Leftist group Code Pink hosted speakers at K Street’s Busboys and Poets restaurant to discuss their time with the Nuestra America Convoy, a coalition of activist groups that visited Cuba in recent days to protest U.S. sanctions. The trip involved activities such as giving “humanitarian” supplies to Cubans on March 21, hosting a hip-hop concert that weekend and, as one speaker put it, the state giving them “a huge wall” in Havana to paint on.
Critics have slammed the convoy as a tone-deaf tourist trip that whitewashed Cubans’ suffering under socialist economic policy, censorship and authoritarian control. Code Pink’s guests rejected that narrative, emphasizing how meaningful they felt their regime-approved art project was.

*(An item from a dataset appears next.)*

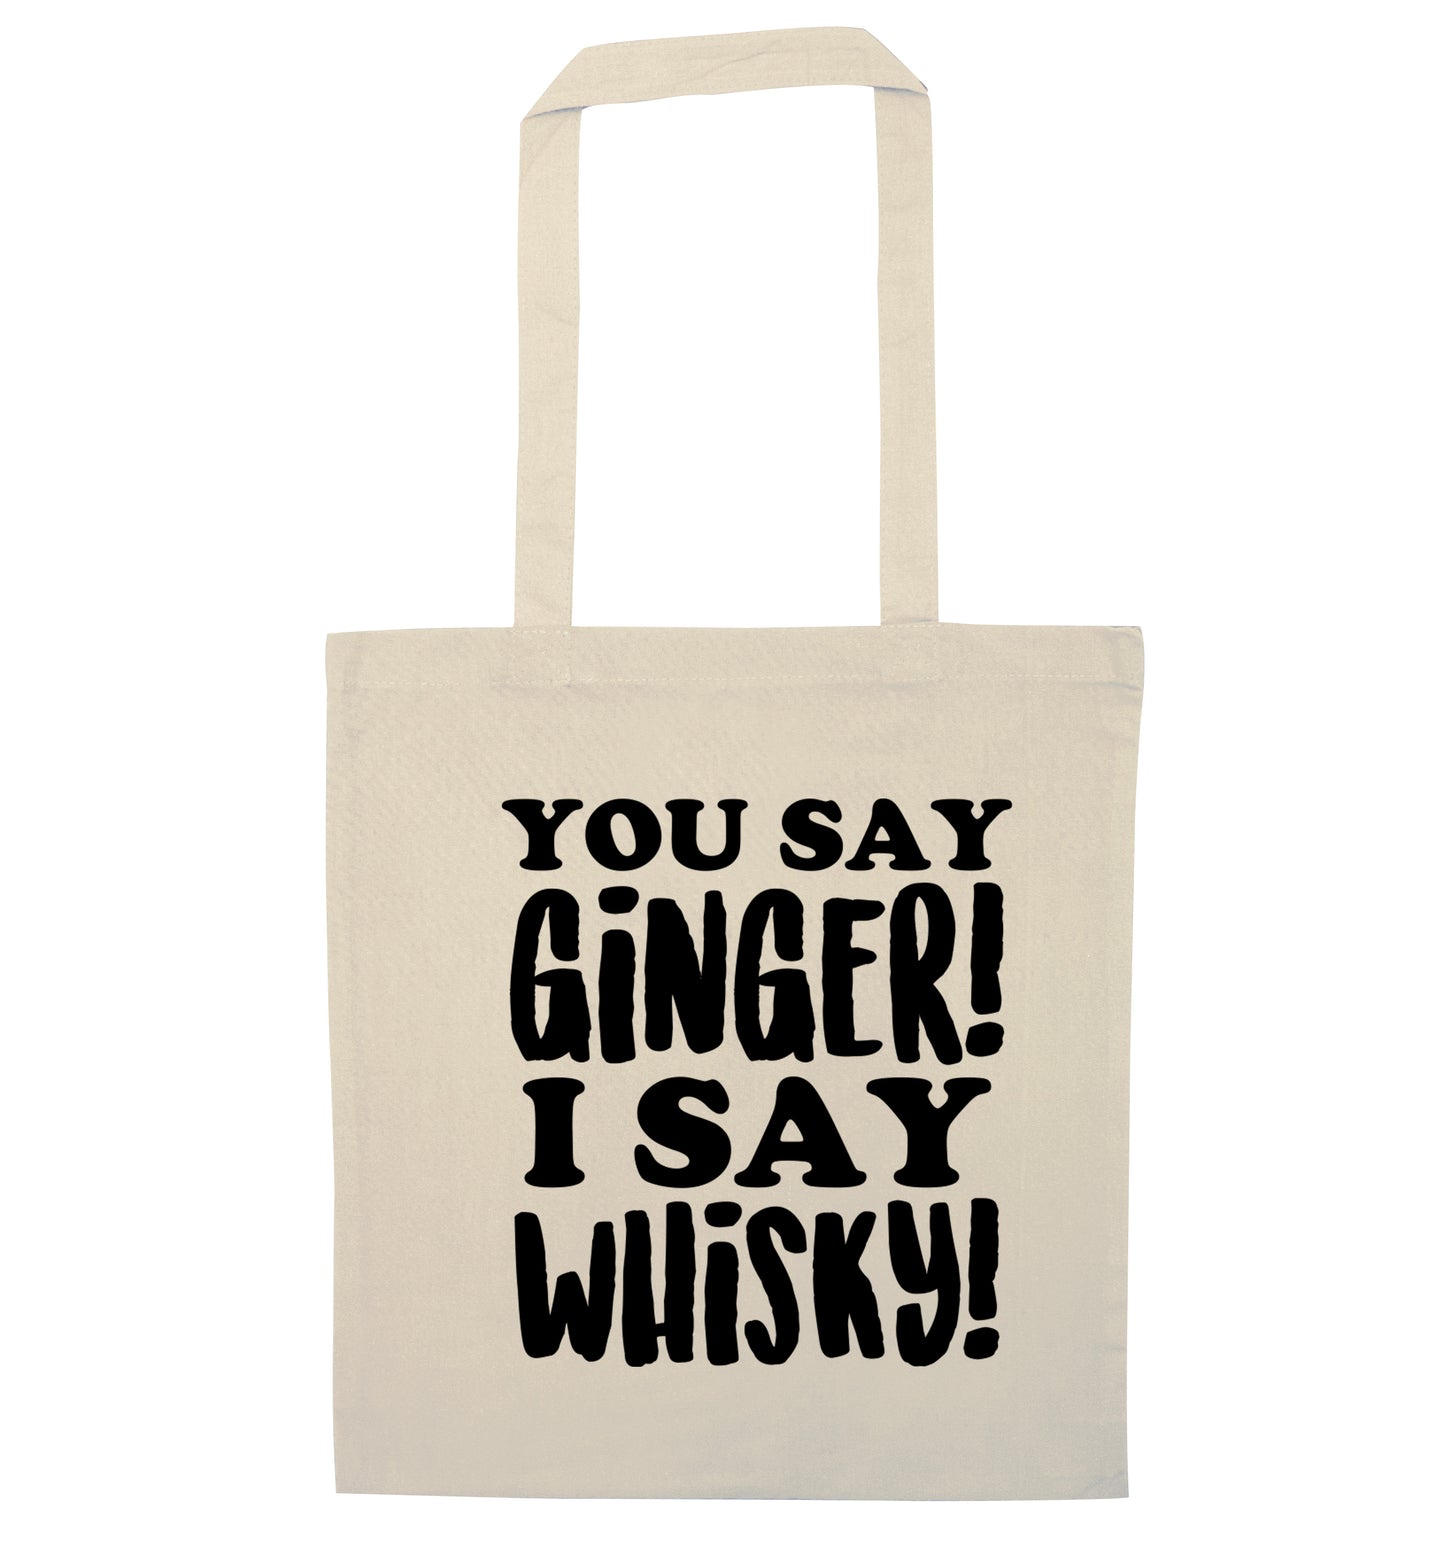 You say ginger I say whisky! natural tote bag

“We got the Cuban government to give us a wall, which is not that easy to do, a huge wall, about 100 feet long, maybe even longer, and 10 feet high,” Busboys and Poets founder and CEO Andy Shallal told an audience of dozens. “And so we went to paint and we thought, well, it’d be an easy thing just kind to go start putting paint on. Well, it turns out, because it’s right next to the ocean and because it’s been years and years of neglect and infrastructure problems, the wall was crumbling.”
Activists first had to scrape piles of trash away from the wall, but the final product was a “three-dimensional undersea world of beauty,” Shallal said.
“You know how in ‘The Wizard of Oz,’ you go from black and white to the color?” he said. “It just suddenly, like, transformed this whole space and suddenly went from this sort of depressing, drab place to the most joyful spot in Havana.”
“So it’s just the power of art to transform spaces and transform spirits and transform people, it was so amazing,” Shallal said. “On top of that, and I don’t mean to go on, but on top of that, the young people that came were phenomenal.”
A fellow mural artist, identified as Cory, mentioned how a poor local resident with no internet service, water or electricity “was finding ways every day to get to the mural space so that he could … look out for us, take part in what we were doing, and build in brotherhood and solidarity.”
Cuba faces international criticism, even from some left-leaning groups, for censoring or jailing political dissenters and journalists who scrutinize the government. Through crushing economic sanctions, President Donald Trump convinced the regime on March 13 to release 51 prisoners. It was an example of the very pressure that Beltway activists railed against on Thursday, blaming Trump for Cuba’s poverty.
Rev. Dr. Stephany Rose of Movement 4 Freedom called Trump’s Cuba policy “white supremacy.” Another convoy participant described Cuba’s bloody 1950s communist revolution “a beacon of hope for a lot of countries.” One speaker, wearing a communist-style hat with a red star, said Cuba’s public health system should be a “blueprint” for other countries.
Some of the convoy’s travel to Cuba involved the Global Sumud Flotilla, a boat activist Greta Thunberg used in September to travel to Gaza over Israeli military action. The flotilla shows how “interconnected” the pro-Cuba and Pro-Palestinian causes are, Code Pink DC Coordinator Olivia DiNucci said Thursday.
“When we know that the enemy is the U.S., a lot of people want to work together because it, you know, has had such detrimental policies around,” DiNucci said.